Jordan Lintz, a founder of HighKey Clout, one of the largest Instagram giveaway companies, said that he doesn’t like to frame it as buying followers. “It’s like sponsoring an internet event,” he said. Upcoming giveaways are announced on their verified Instagram page, and past winners and campaign results are featured prominently on the company’s website.

Not all giveaways are run with the same level of transparency. “A lot of meme pages are doing fake giveaways right now,” said Johnson. “Some influencers are too.” Johnson said that a legitimate giveaway will always announce and tag a winner. Liraz Roxy, a social media influencer in Los Angeles, said she’s refused to participate in any sponsored giveaways. “It’s all very shady,” she said.
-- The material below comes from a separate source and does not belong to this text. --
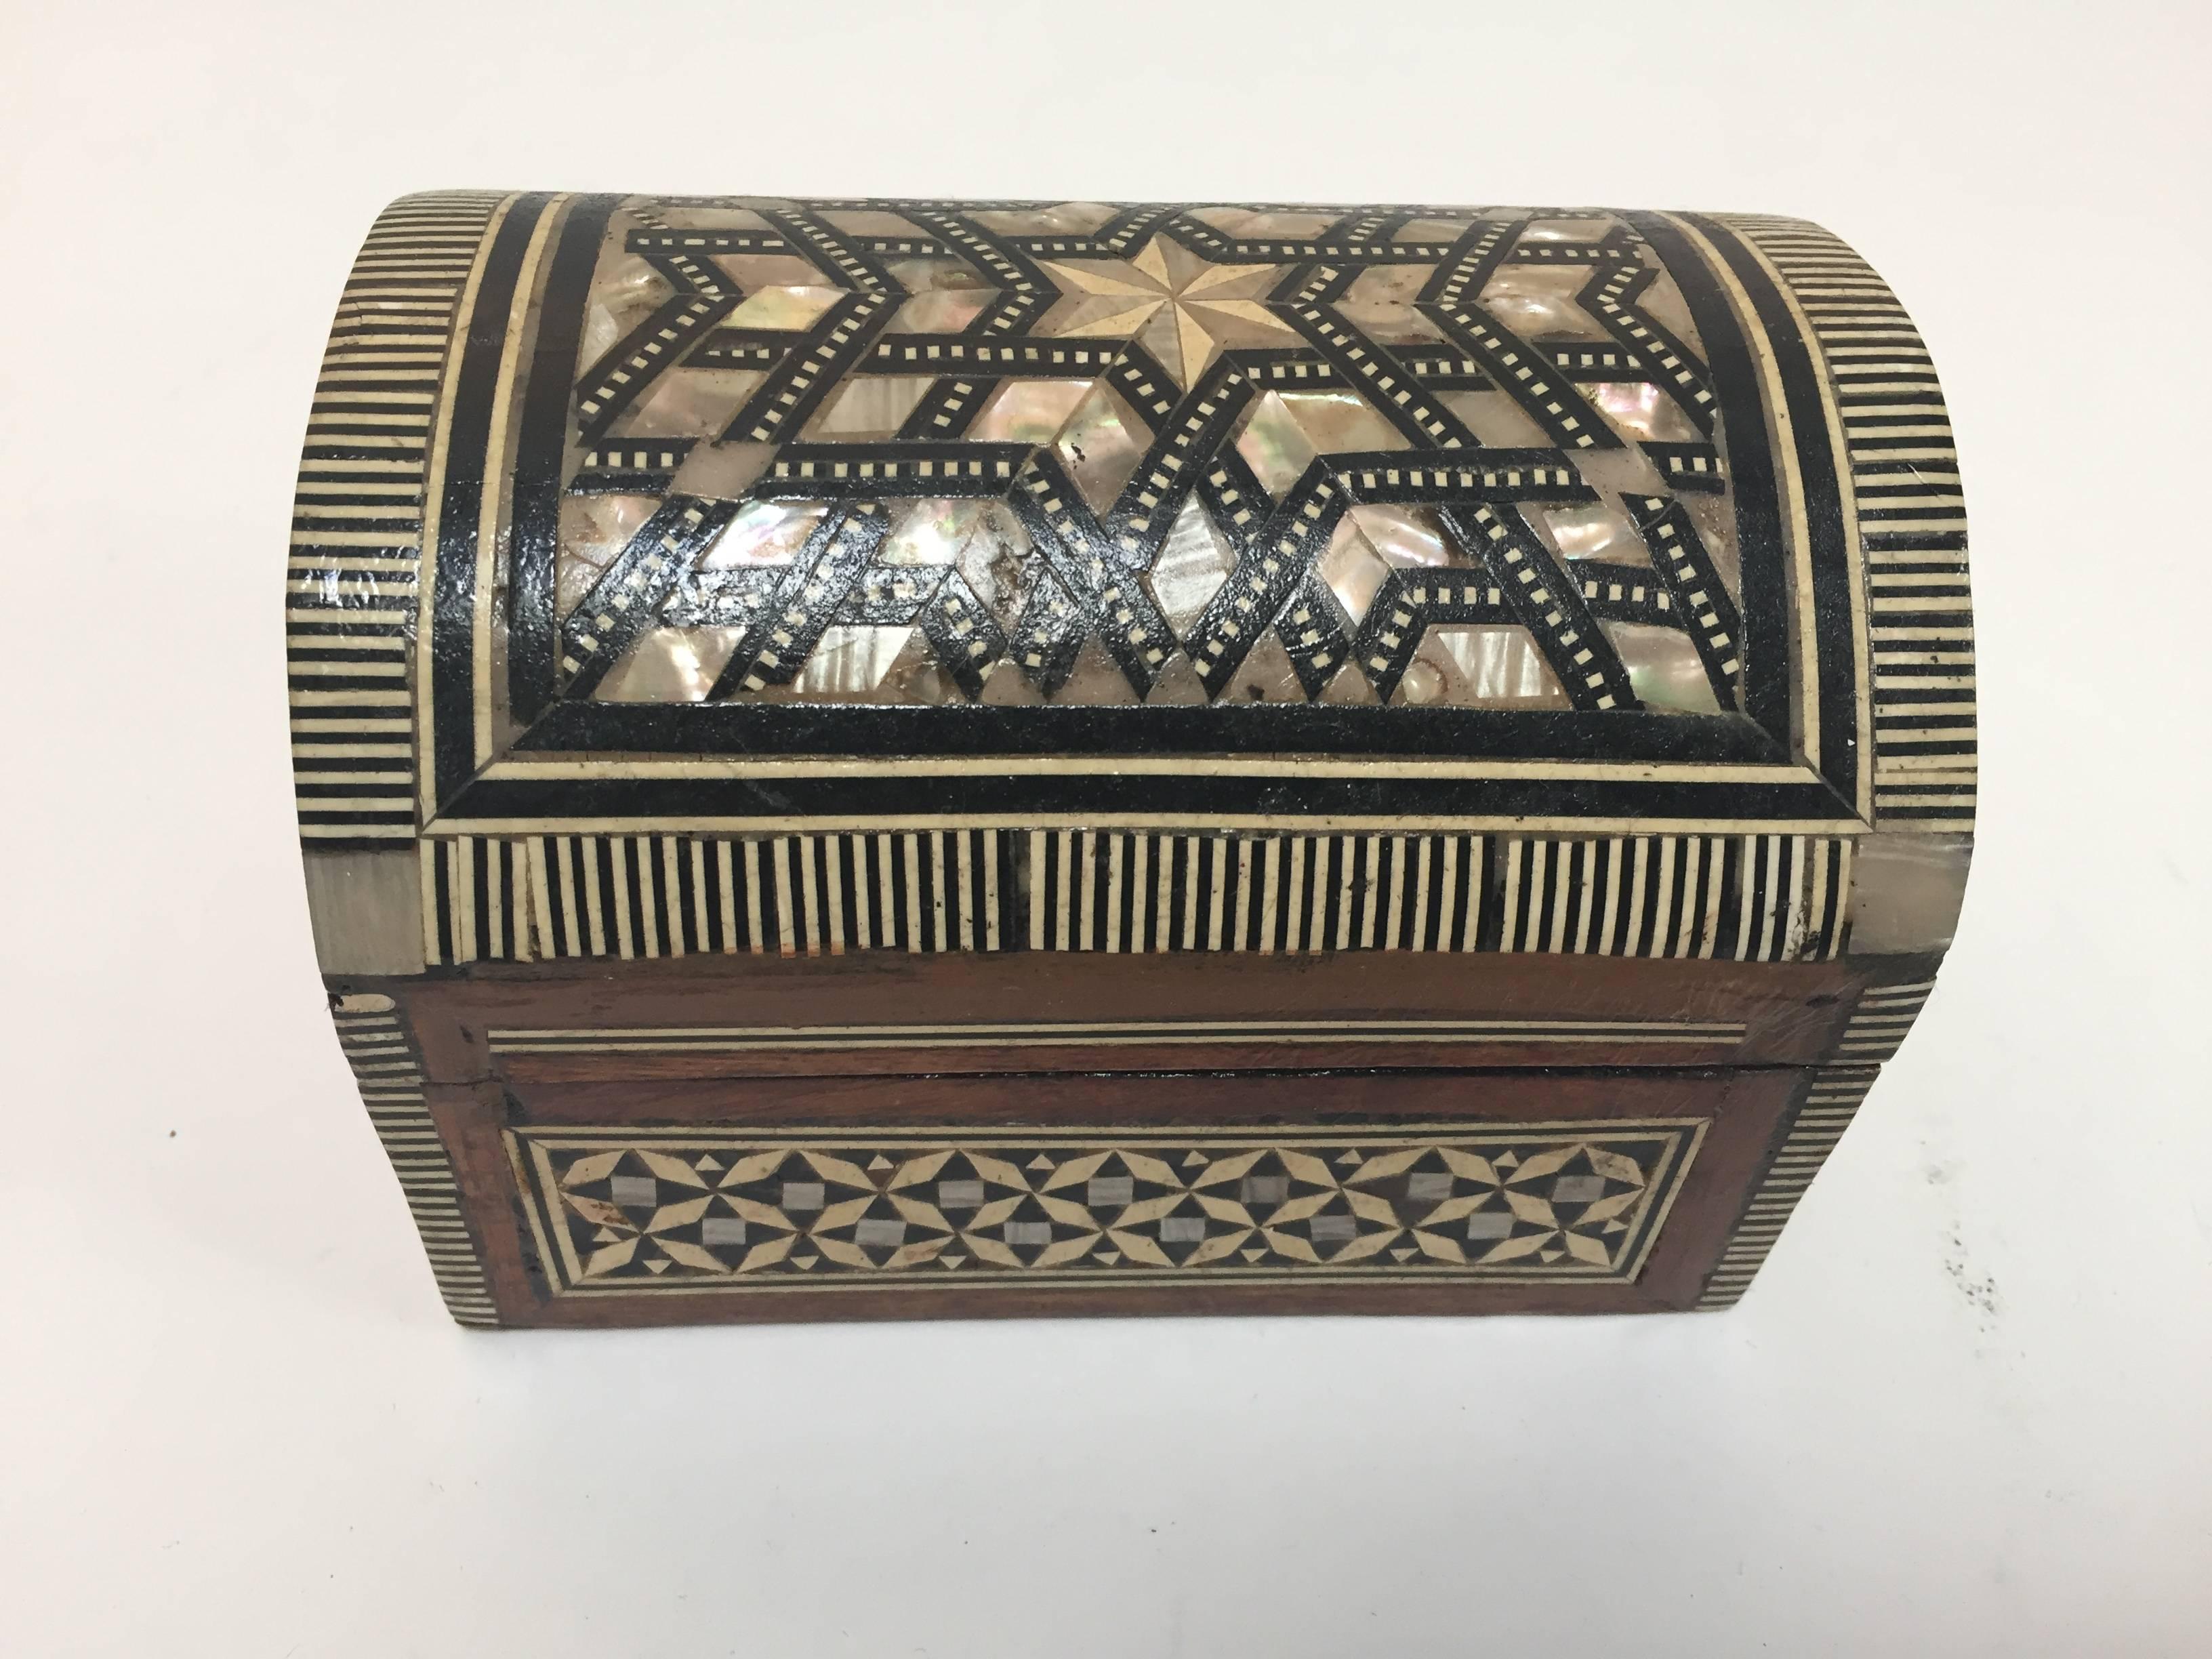 Exquisite handcrafted Middle Eastern Syrian mother-of-pearl inlaid walnut wood jewelry box.
Small dome chest intricately decorated with Moorish motif designs which have been painstakingly inlaid with mother-of-pearl and marquetry in different

A Facebook company spokesperson said that many cash giveaways could be in violation of the company’s community guidelines. “This isn’t the kind of experience we want to create on Instagram,” the spokesperson said by email. Additionally, according to Robert Freund, an attorney who offers a legal training course for influencers, many of these cash giveaways could violate state sweepstakes laws.

“There are a lot of state, federal and local laws that regulate the sweepstakes promotional space and there are special considerations when you run promotions online with influencers,” he said.

For instance, these giveaways need clear terms and conditions, and must verify the age and location of participants, something Freund said he hasn’t seen most influencer giveaways do. Influencers should also disclose that they are being paid to promote these giveaways.

“Right now there’s a trend where influencers are making it seem like these cash giveaways are out of the goodness of their heart because of COVID,” said Freund. “But, if they’re getting compensated, they need to disclose that fact when they promote the giveaway and make posts about it. Disclosure in influencer marketing is an area that the FTC is paying a lot more attention to recently and regulators are watching.”

Some influencers, however, aren’t being paid to promote free cash — they’re just giving it away. On April 15, Katie Sturino and three fellow body positive influencers pooled together $6,000 of their own money for a giveaway. Entrants were encouraged to follow all four influencers, and the winner was selected at random.

Sturino frequently gives away products on her page, but she thought money would be better put to use right now.

“The reception was positive,” said Sturino. “People were excited that we were giving away cash and they were excited to learn about other Instagrammers who have a positive message. What we did didn’t feel shady. It was a really cool positive thing.”